Understand how enzymes originally evolved to perform a particular in one
tissue can duplicate, mutate, and end up performing a different function.
For example, what did the protein that gave rise to the snake venom
crotamine originally do in the ancestral vertebrate?
Know the very basic structure of the vertebrate eye, and its main
components such as: lens, pupil, iris, retina, optic nerve, rod and cone
photoreceptors, cornea. What is the function of each of these structures?
Understand the progression of complexity that led to the vertebrate eye.

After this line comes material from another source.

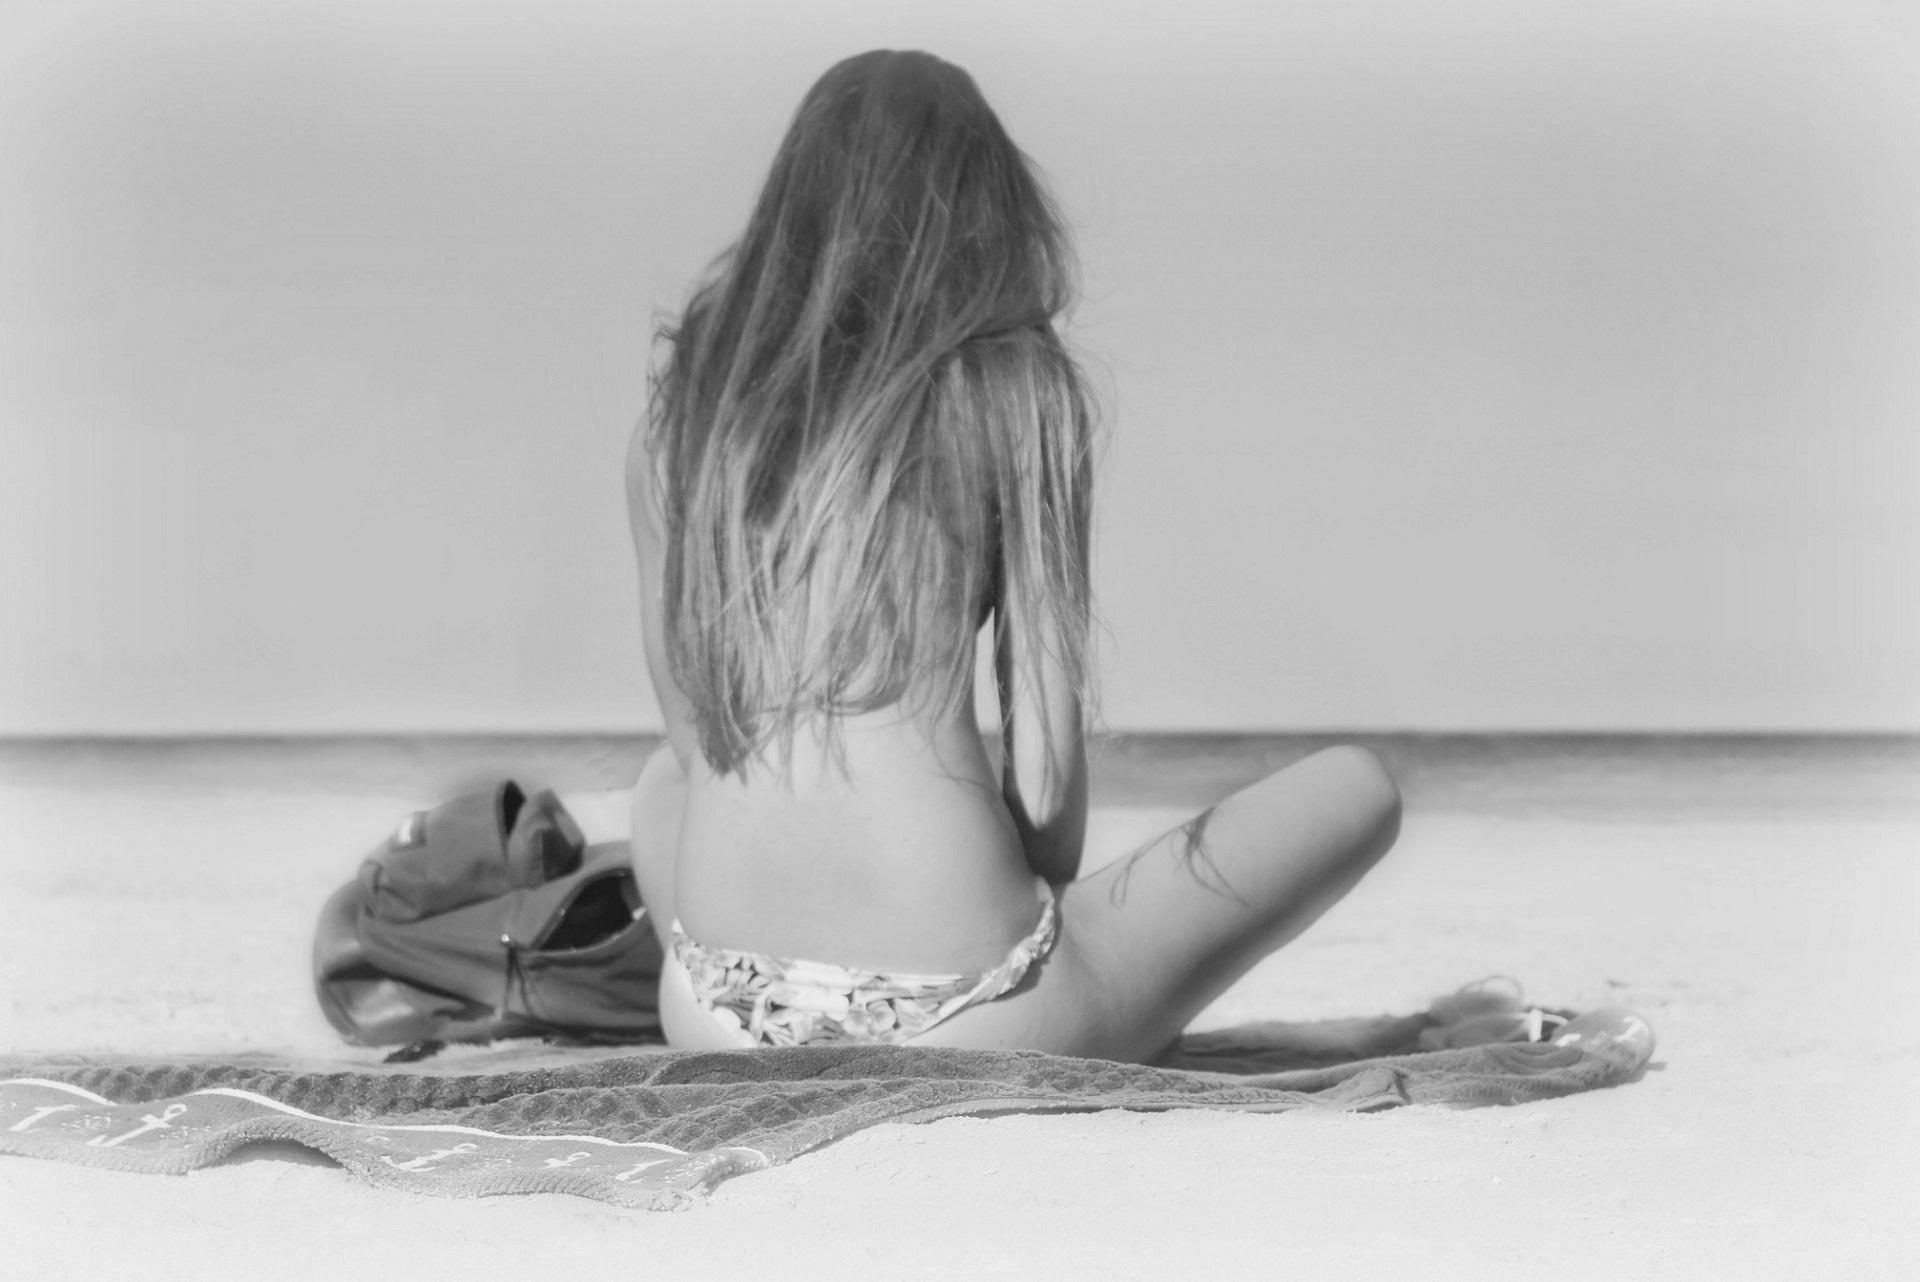 drawings-of-women-in-erotic-positions-hardcore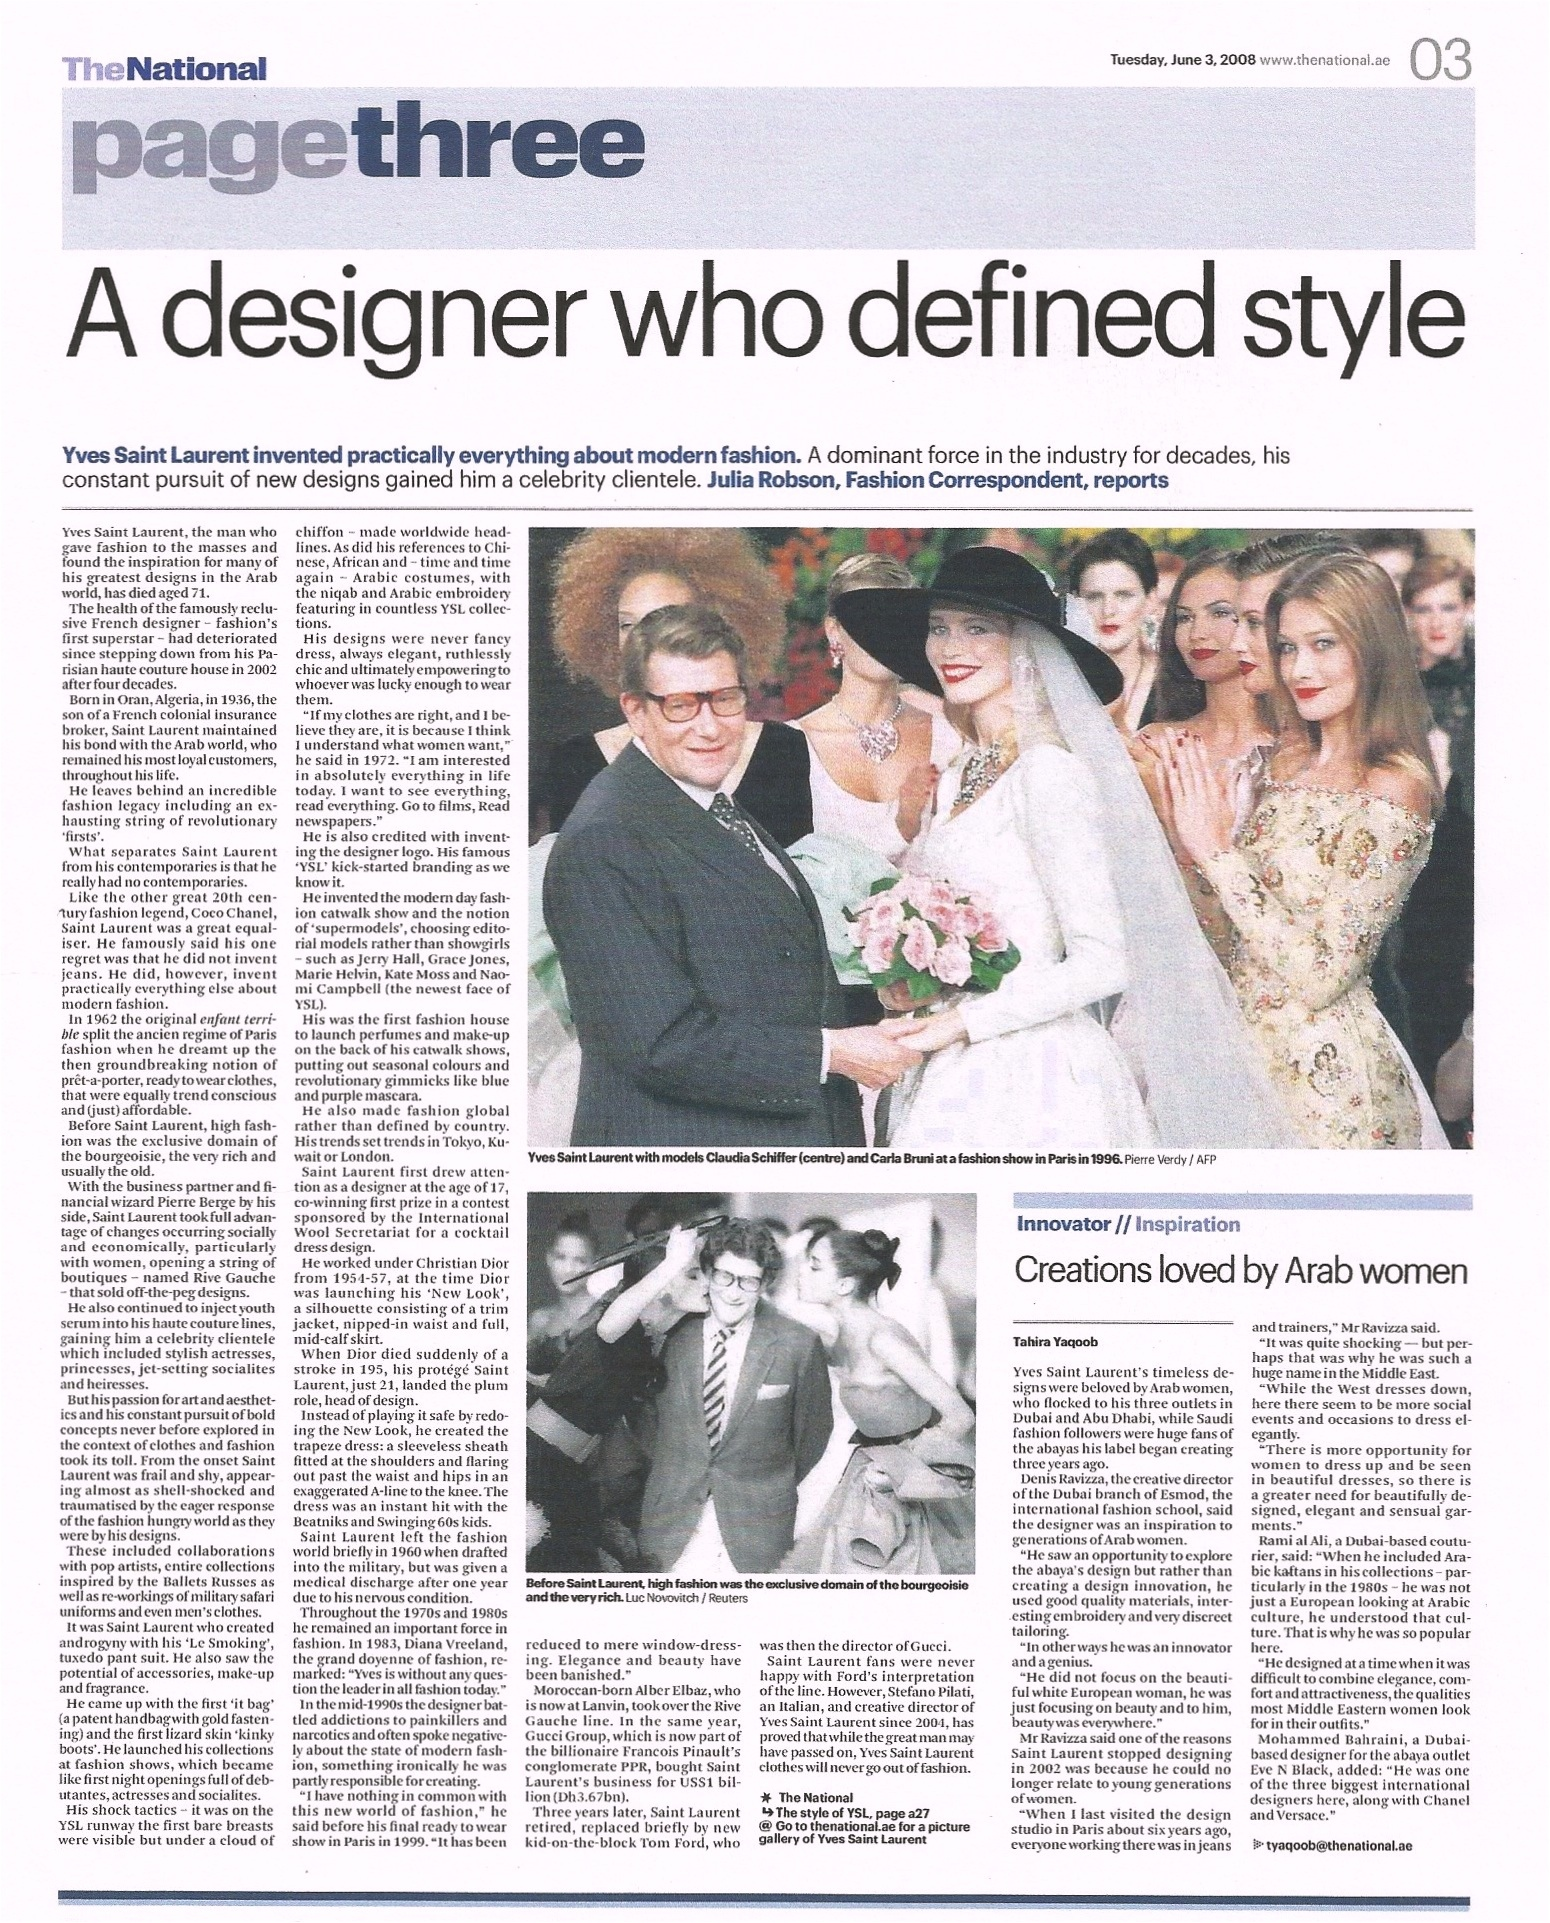 Julia-Robson-YSL-obituary-TheNational-June-2008

What were the precursors of the vertebrate eye like?
What was the original, most primitive function of the “serpentine” proteins
(G-protein coupled receptors, or GPCRs)? Into what did they evolve?
What is an opsin? What does it do? What is rhodopsin? Retinal?
Which type of photoreceptor (rod or cone) confers high resolution, color
vision, and day vision? Which one confers lower resolution, but higher
sensitivity to light (no color vision) and night vision? Do all animals perceive
visual stimuli, such as color, the same way?
What is the significance of crystalline proteins to the evolution of the
vertebrate eye?
Know the meaning/evolutionary significance of: genetic toolkit, Hox genes,
animal body segmentation (and identity), homology, duplication and
recruitment of Hox and other genes
What do Hox genes code for?
Know the main differences between a protostome and a deuterostome
animal, and be able to recognize common examples of each type of
creature. Carefully read this in your textbook.
Great Transformations: Video
Links to this video on YouTube are now linked to the lecture notes
site. But as you watch, here are a few notes to help you anticipate
what I might ask and to think about evolution.
Which came first: fish? Tetrapods? Whales? Understand the progression of
complexity.
What was special about the “wolflike” fossil’s skull that identified it as a
whale?
How long has life been on earth?
In the “hour” of life on earth, how long has human history taken?
What characteristics mark a whale as a mammal?
Are there transitional whale fossils? What were they like?
What’s the significance of the Sahara desert, and why are there whale fossils
in the “Valley of the Whales”?
What is different about the way tetrapods move as compared to fish?
(especially the spinal column)
Which came first: fish out of water, or fingers on fish?
Why might early limbs on aquatic tetrapods been an advantage?
What was the Cambrian explosion, and what is the evidence of it found
today?
What is the significance of the Burgess Shale (and where is it found?)
Does evolution change bodies, or the recipes for making bodies? What does
this mean?
What was the significance of the antennapedia gene in fruit flies?
Do all animals share the same basic genetic toolkit genes, or are they very
different across species? What evidence do we have for this?
What do lemurs tell us about the evolution of the human ability to walk
upright?
Are the locomotory methods used by lemurs and chimpanzees more
primitive than ours? More advanced? Equally advanced, but different?
What is knuckle walking? What is bipedalism?